Wednesday, May 28, 2008

Game over

I was standing there waiting for the train last night. The day was at that fitful moment when the sun is shifting into a lower gear. Not-quite-sunset. And as the train was pulling up, there was something in that moment that brought up the most frightening moment of mortality.

I don't usually worry about questions of the after-life. If the hellfire and brimstone preachers of my youth are right, I'm going straight to hell for any number of reasons. No big deal. The idea of hell doesn't really bother me. Not enough to make me straighten up and fly right, at least. And if the Buddhists are right, reincarnation seems more irritating than anything else; in a "Oh, crap. You mean I have to do this all over again?" sort of way. And the idea of "you live, you die, the End" isn't really that disturbing either. I can accept the Great Nothing.

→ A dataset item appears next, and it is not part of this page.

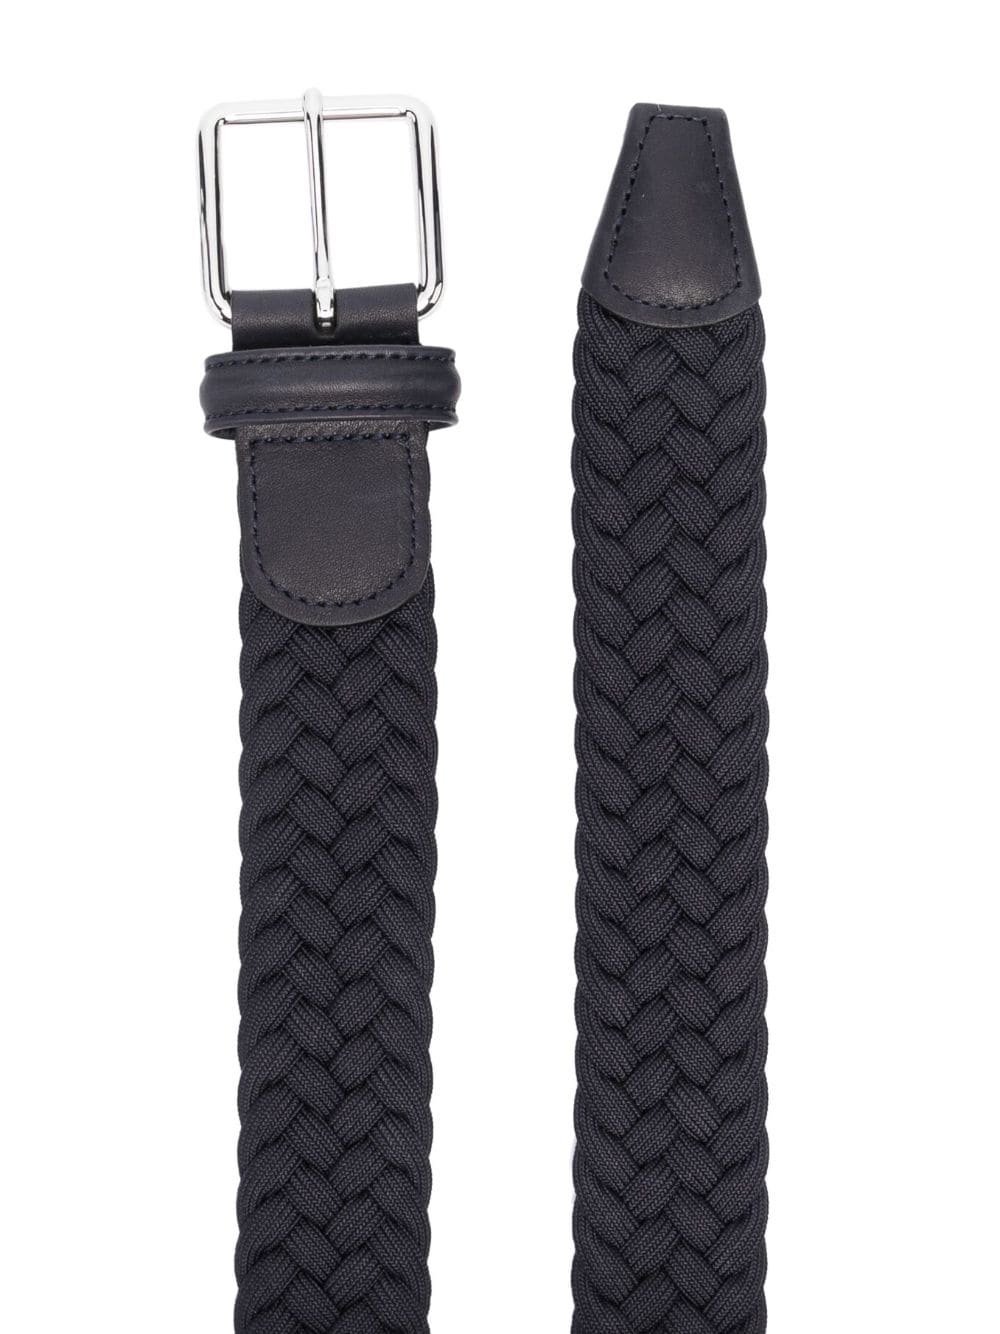 Image 2 of Anderson's braided-design belt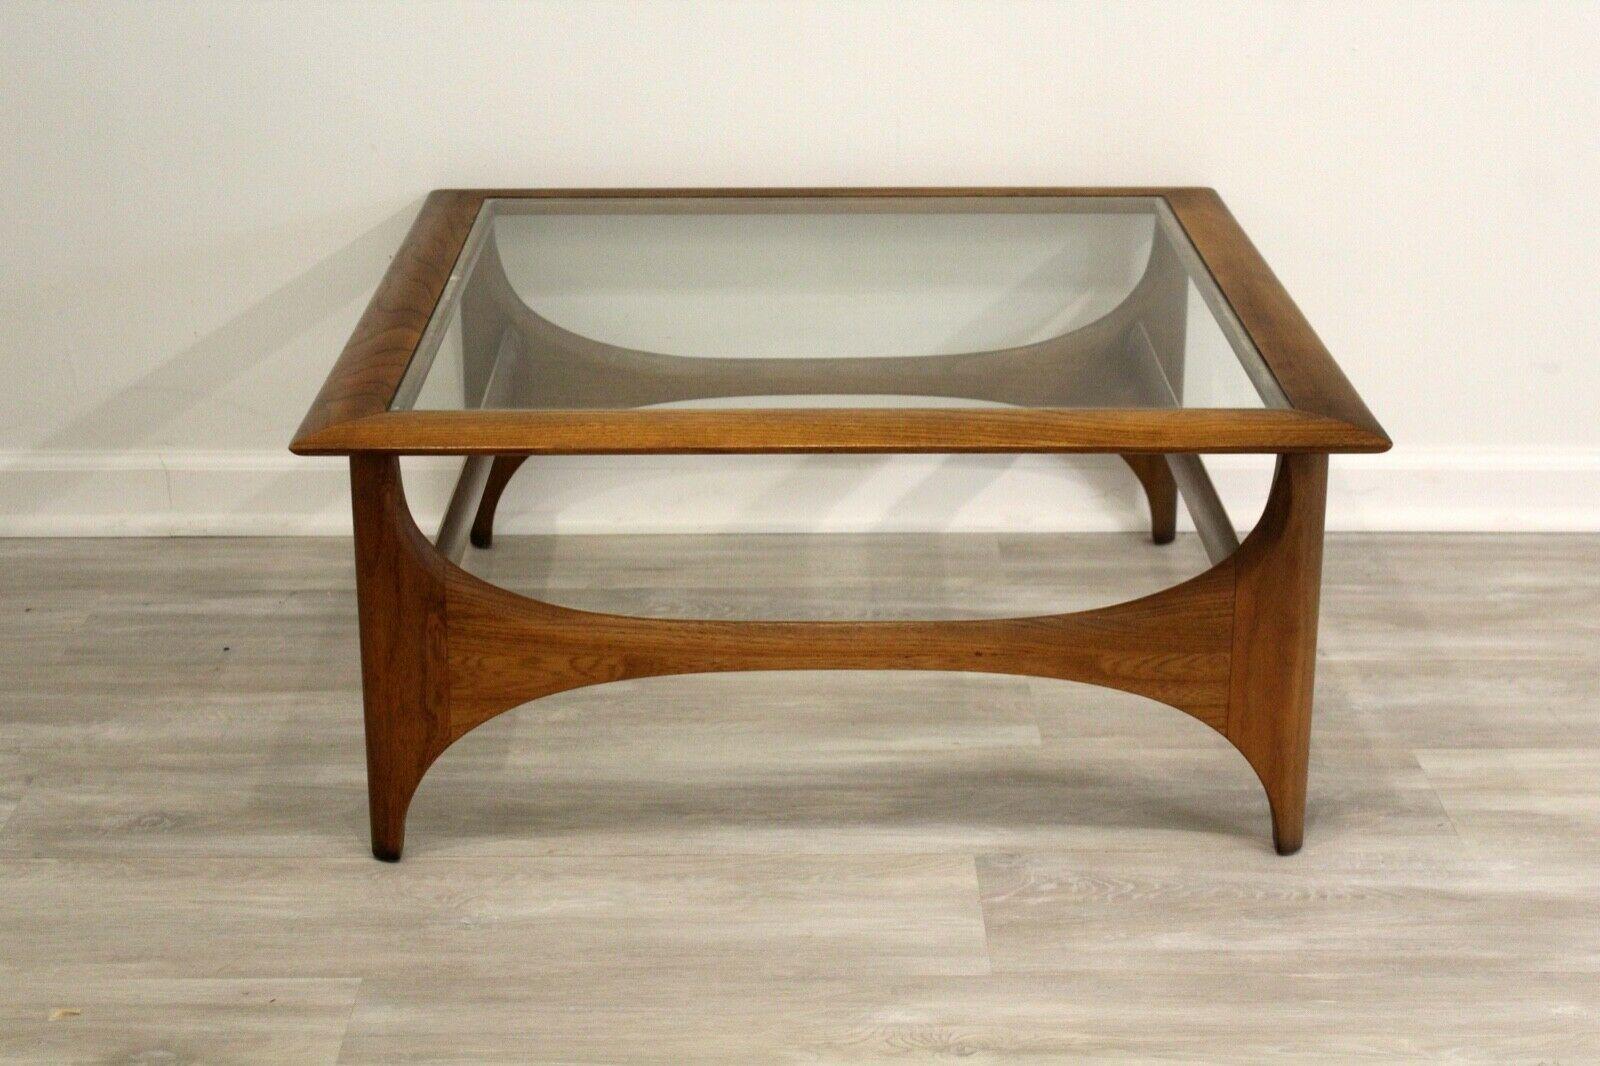 A beautiful walnut wood sculptural side or end table by Lane, in great condition. Dimensions: 32 W x 32 D x 14 H.
 

But the thing that occured to me was, what if there is something after you die, but you only get to do it if you did well here? What if life is pass/fail? The chance could be that you get one chance to live here, and if you get it, really get it, then you get to go on. If not, it's the old "worms crawl in, worms crawl out" and nothing more. Like an arcade game where, if you play well you get to go on to the next level, and if you suck it's all over. And you only get one quarter.

For an agnostic like me, that's one scary proposition. I mean, what's the criteria for living well? Who gets to make that decision? Is it written in someone's holy book? Or is it just up to you to figure it out? Living well can mean a whole lot of things. There are some people who lived good, pure, productive, benevolent lives, and been miserable as hell from cradle to grave. And there are people who've been blighters and bastards their whole lives, who in the end die in peace because they've lived without fear or regret and tasted every forbidden fruit. Maybe only one of them had the answer. I'm not sure which one.

Who knows? Maybe if I want to go to the next level, I should jump into Barney the Wonder Truck and drive out to Eldorado and see if Warren Jeffs is looking for a cell block wedding. I could be wife, what? 49? It might save my immortal soul. I'm guessing probably not. But it's not really the heaven or hell, saved or damned thing that disturbs me. It's that there might be a life after this. Something more. Another whole existence to live, to figure out, to experience. And if I don't figure this out, I won't get my shot at whatever that is. I hate missing out.